The governance of food production and distribution cannot be left to economic interests alone. To achieve the necessary dietary improvements and to secure good population health, a set of policy options for healthy diets are required. This includes governments taking regulatory approaches to the operation of the market through, for example, restrictions on marketing to children, health claims, compositional limits on the saturated fat, added sugar and sodium content of food, removal of artificial trans fats, interpretative front-of-pack labelling, restaurant calorie labelling, fiscal measures and financial incentives, and public health impact assessments in trade and investment policies.


The authors of this letter - adherents to the church of public health in its fundamentalist form - believe that you and I cannot make the right choice. Or rather that the world is filled with gormless sheep who respond thoughtlessly to advertising - you dear reader are one of these, a victim of Big Food.

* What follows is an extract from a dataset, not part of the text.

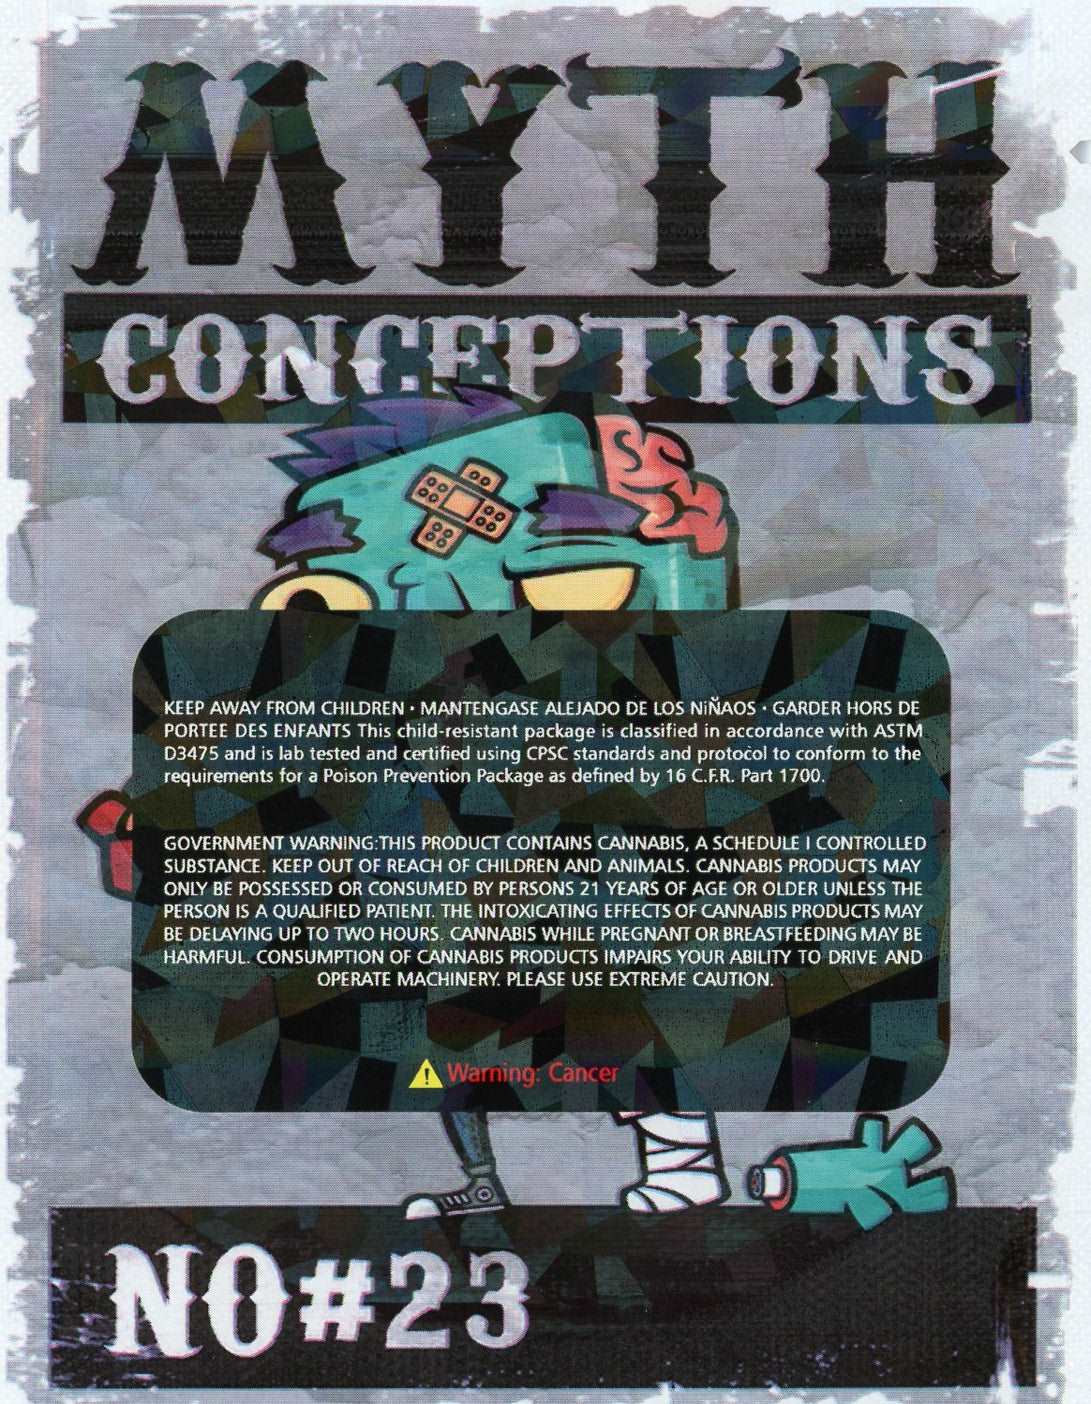 Bag Boyz Mylar Bags 3.5g - Myth Conceptions Gelato

We'll leave aside that there is little or no evidence showing these actions will actually make a difference or indeed the fact that levels of obesity (in the UK at least) are falling not rising. Instead we'll are about the moral justification for such control. The argument is that better health requires those "necessary dietary improvements" and that people will not eat a good diet unless the government forces such a diet on them by force. And don't think that just because you're some sort of trendy foodie grazing on organic beefburgers and awesome street food - those things are just a loaded with fats, salt and sugar as McDonalds, Dominos and Mr Kipling's cakes.

Wrapped up as protecting our health, these people are proposing a controlled, licensed diet for us to eat. This would be regulated by government and dictated by the priests of the Church of Public Health. Restaurants will be closed, businesses will be broken, web sites will be blocked and children will be brainwashed with half-truths about nutrition. Self-righteous folk will imply that being slightly overweight is a waste of food and campaigners will start to define giving your child a chocolate bar or crisps as a treat as some sort of abuse.

And you know there's a much bigger problem.  There are still some 400 million or more people in the world who don't have enough to eat. It's that problem the WHO should be concerned with rather than the fast less significant issue of people in the UK, Europe and North America being a bit chubbier than they used to be. But the Church of Public Health isn't interested in third world starvation, malnutrition and disease but in controlling the lives of people in the developed world, in attacking 'consumerism' and in pretending that marketing is the problem when it isn't.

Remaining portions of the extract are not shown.